Emma closed her eyes, tears leaking from the corners. "My parents are going to kill me. I was supposed to be at work. They don't even know where I am."

"We've been trying to reach your family. You didn't have ID on you."

"My purse. I must have dropped it." She opened her eyes again. "Can you call them? Please? My phone was in my purse, but I can give you their number."

George wrote down the contact information and promised to call personally. When he left the room, he found himself standing in the hallway, staring at the name he'd written.

Emergency Contact: James and Li Chen, Vancouver, BC.

It was a common name. Thousands of Chens in Vancouver. No reason to think they were related to Vanessa's family.

Except George had stopped believing in coincidence around the time he'd died and been resurrected with a stranger's face.

He pulled out his phone and texted Vanessa: Patient from my first trauma. Emma Chen. Parents in Vancouver. Related to you?
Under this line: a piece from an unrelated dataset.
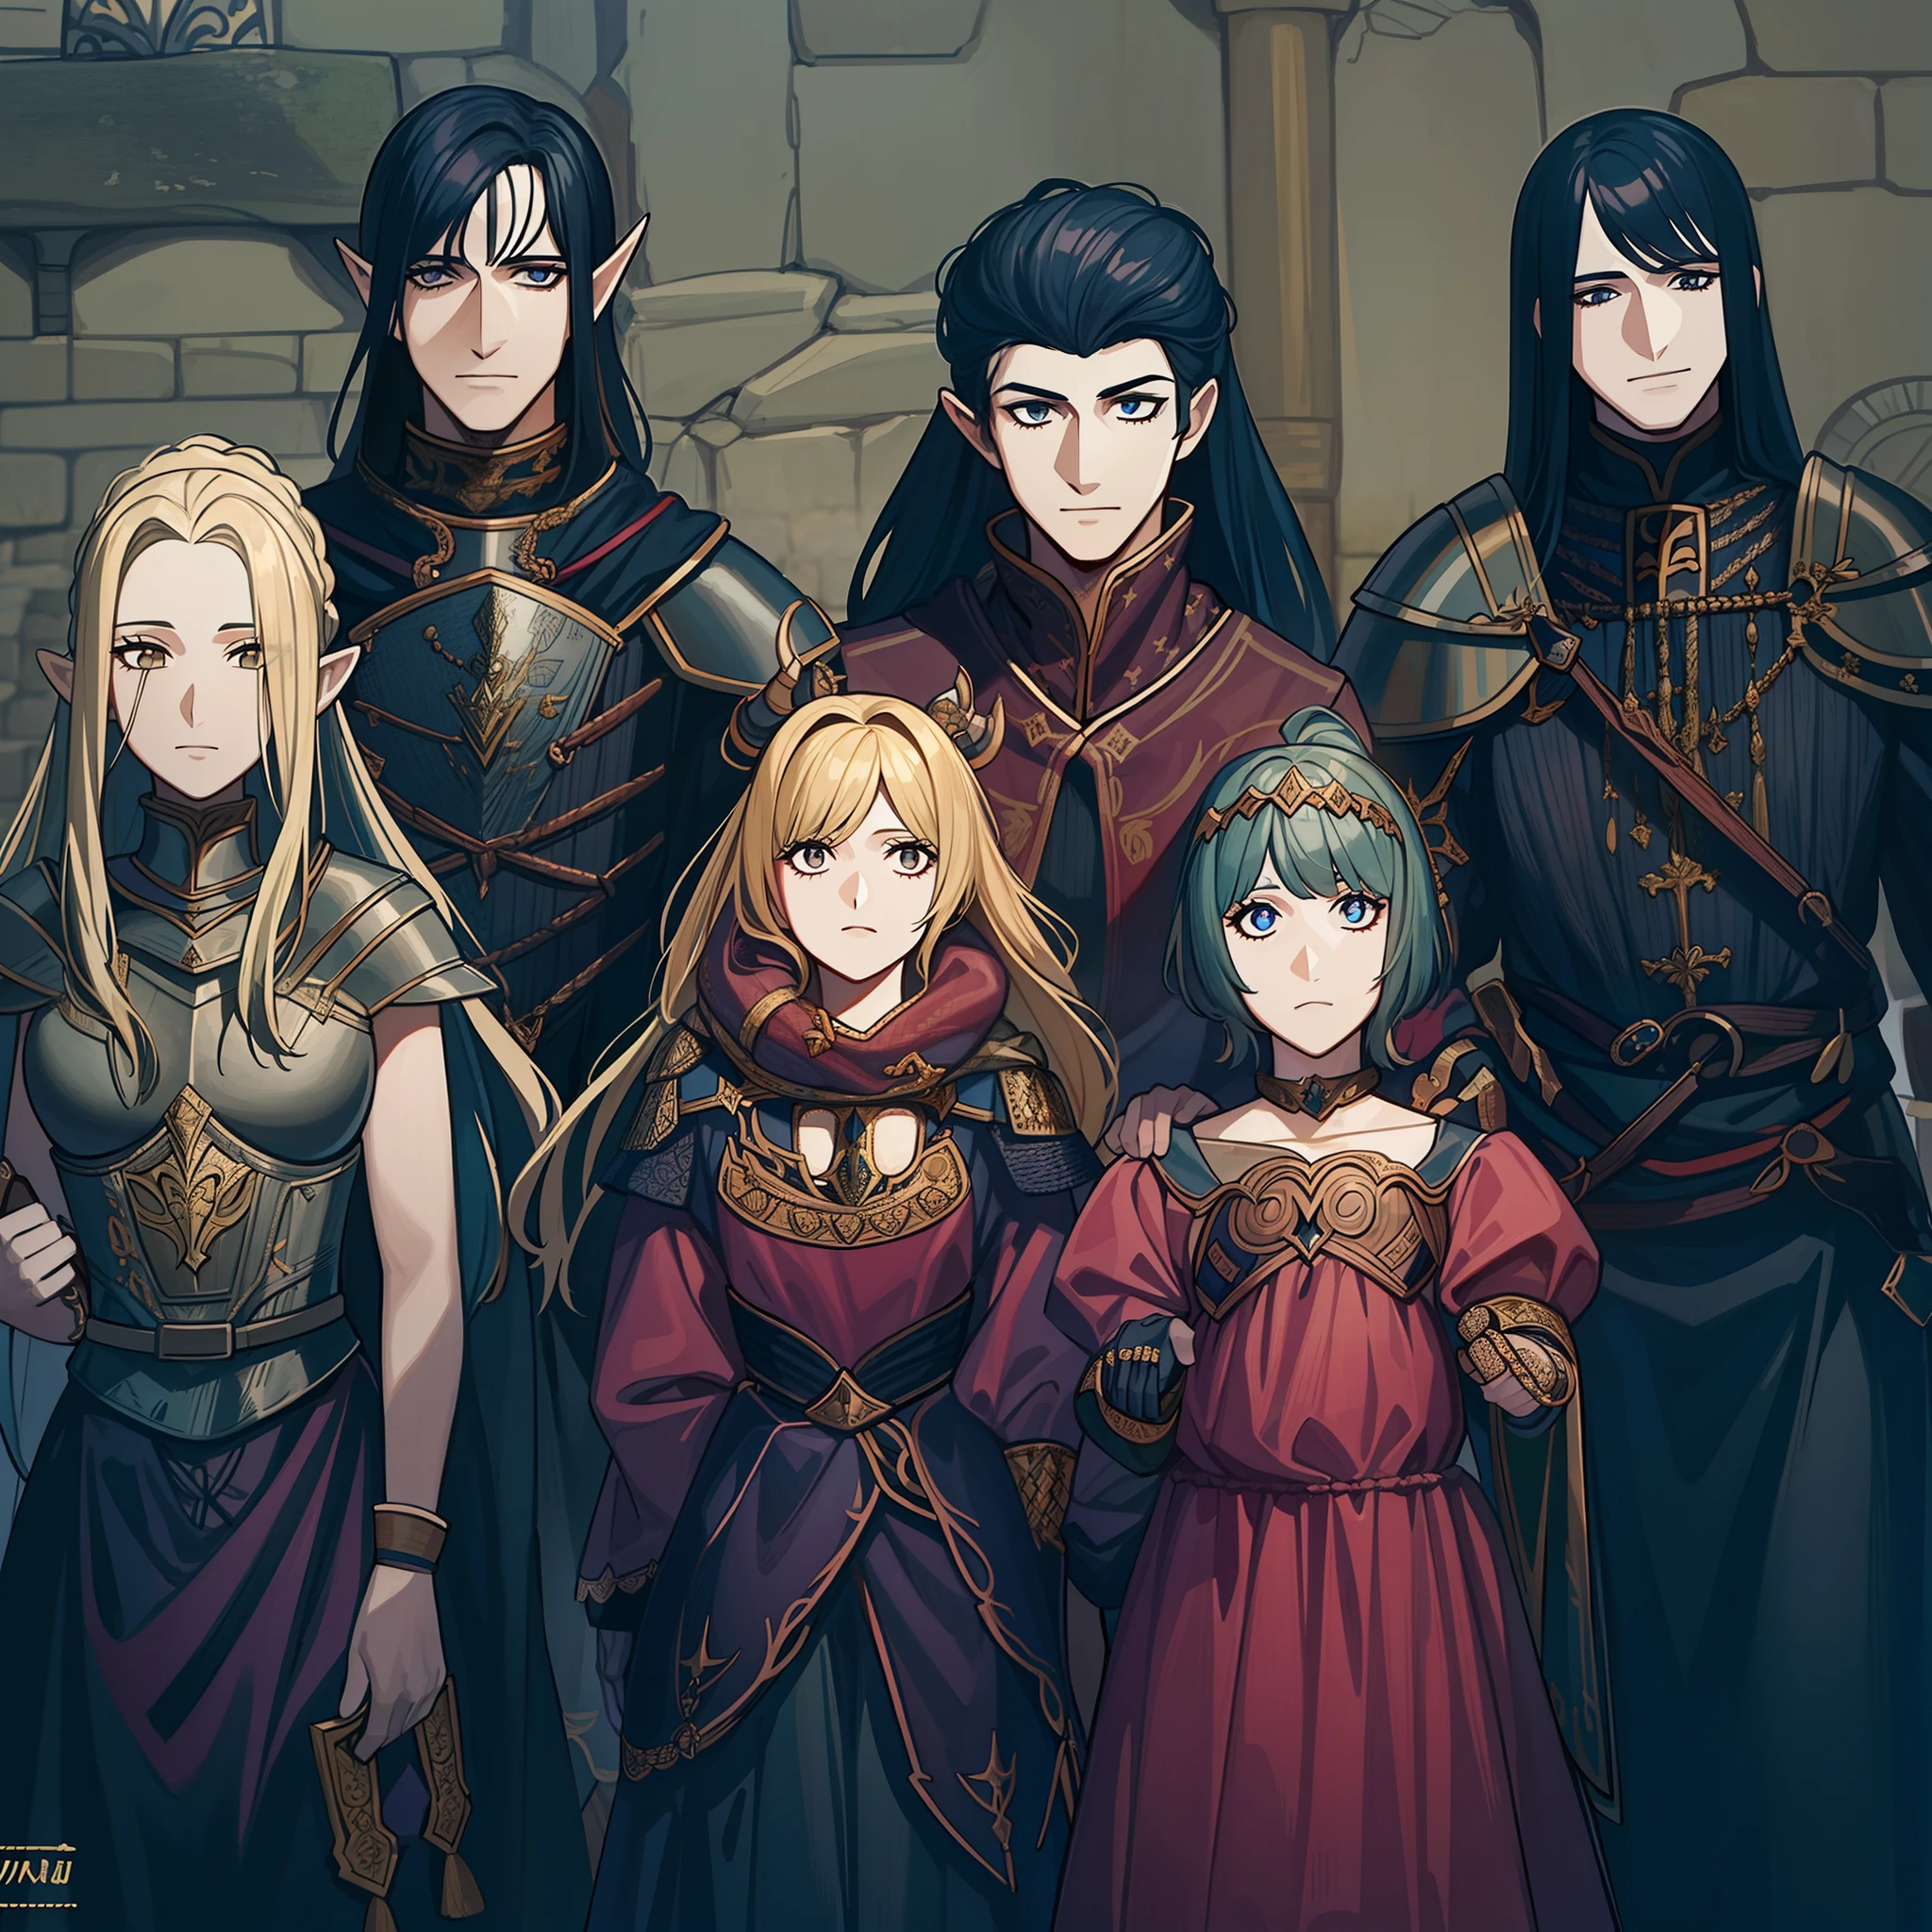 una fotografía de una familia en la época medieval,4 elfos menores con otros 2 elfos como padres,la mujer elfa con armadura roja y el padre elfo con una mirada tranquila, estilo manga dark

The response came within seconds: Cousin. Dad's brother's daughter. Oh my God. Is she okay?

George leaned against the wall and tried to breathe through the sudden tightness in his chest.

He'd saved Vanessa's cousin. The woman lying in that hospital bed was family to the family that had saved him. The circle was too perfect, too neat, too much like fate trying to tell him something.

She's stable. Lost a spleen and kidney but will recover. Should I tell her who I am?

Three dots appeared and disappeared multiple times. Finally: No. Not yet. But I'm coming to the hospital. I need to see her.

George pocketed his phone and made his way to the nurses' station, where he found Meredith charting and looking exhausted.

"Rough night?" he asked.

She looked up and smiled, but it didn't reach her eyes. "Couldn't sleep. Kept thinking about yesterday. All those people hurt, all that trauma." She set down her pen. "How do you do it? Trauma, day in and day out. How do you not let it break you?"

"Who says it doesn't?"

Meredith laughed, surprised. "That's refreshingly honest."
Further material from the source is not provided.